Index Add Success ":" Index add fail ");
Client.commit (); }
}
Solrcloud How to retrieve an index
The entire query step is divided into:
1. The index query request is routed to any one of the Shard replica
2, replica will find the routing information, establish and other shard replica between the sub-query
3. Subquery returns query results
4. Merge query results and return request results
We just added a doc with id ' 123321 ', now let's search, open debug mode
We request a port of 8082, which can be queried to this index
Let's take a look at the debug message
Can see Execute_query, indicating that both shard have been requested, and actually see Get_fields is returned by the Shard of 8081, 8083, indicating that this index is distributed in this shard interval How to manage the configuration files in zookeeper
Upload file:
1. Upload a copy at startup by configuring the -dbootstrap_confdir parameter setting
2. Uploading configuration files via Configsets API
3. Upload the configuration file by calling the Cloudsolrclient.uploadconfig method (different SOLRJ version methods may be different)

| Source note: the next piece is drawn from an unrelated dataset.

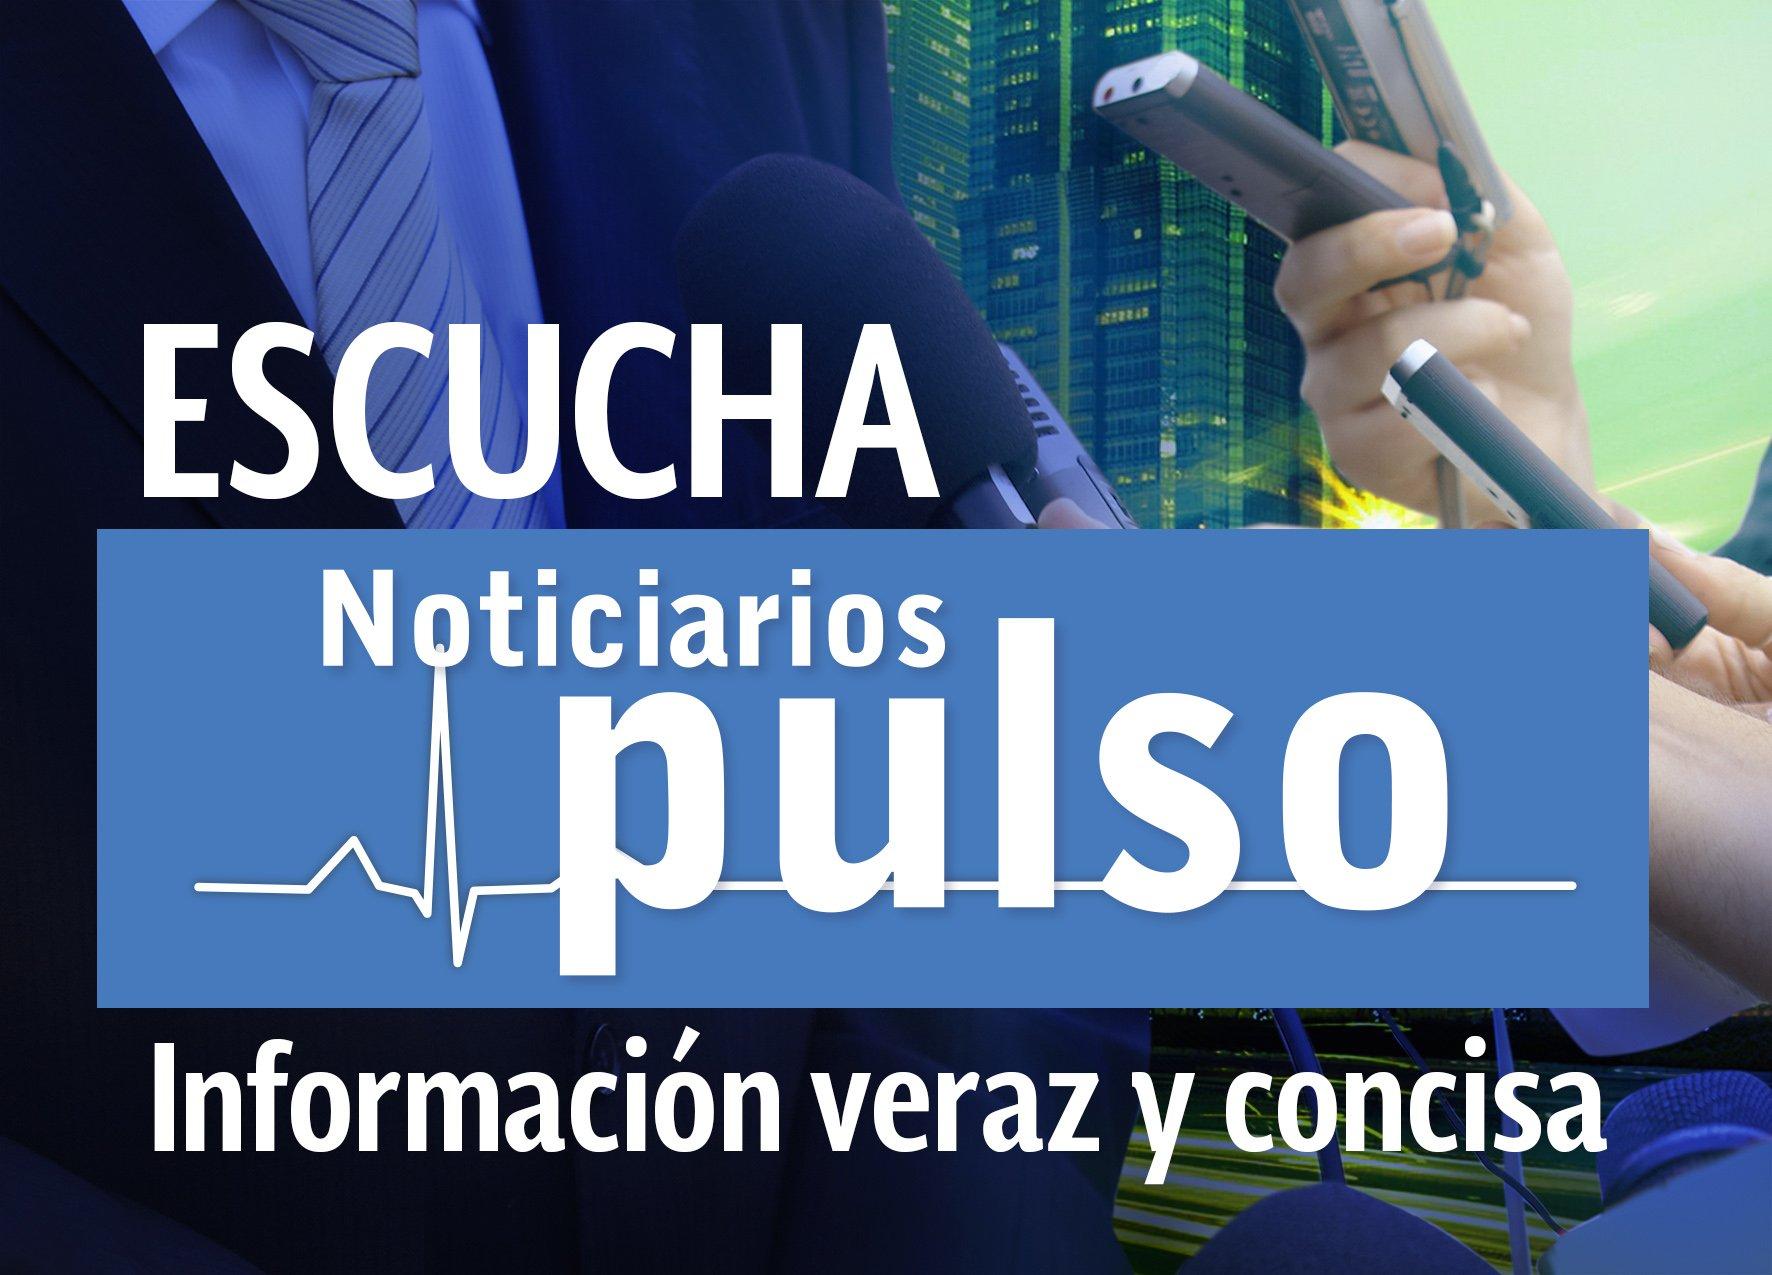 Para mantenerte informado te invitamos a escuchar nuestro noticiario #PulsoDeLaNoche https://t.co/NHiFo81n6d https://t.co/gau3PL4bvo

4, Org.apache.solr.cloud.ZkCLI upload files
Java-classpath server/solr-webapp/webapp/web-inf/lib/* org.apache.solr.cloud.zkcli-zkhost Localhost:2181-cmd Upconfig-confname {upload zookeeper on alias}-confdir {The path of the configuration file to be uploaded locally}
To manage a single file:
Use the Org.apache.solr.cloud.ZkCLI in SOLR core to execute the putfile command under Windows Replace file Linux Similarly, just change the path
Java-classpath
d:/solr/server/apache-tomcat-solr-leader-8081/webapps/solr/web-inf/lib/*
Org.apache.solr.cloud.zkcli-zkhost Localhost:2181-cmd Putfile
/configs/clusterconf/synonyms.txt C:/users/yvan/desktop/synonyms.txt
/configs/clusterconf/synonyms.txt//Replace file path for zookeeper in-memory data
C:/users/yvan/desktop/synonyms.txt//For local file path
Other applications for Solrcloud are still being studied, and follow-up will be updated in conjunction with the work process.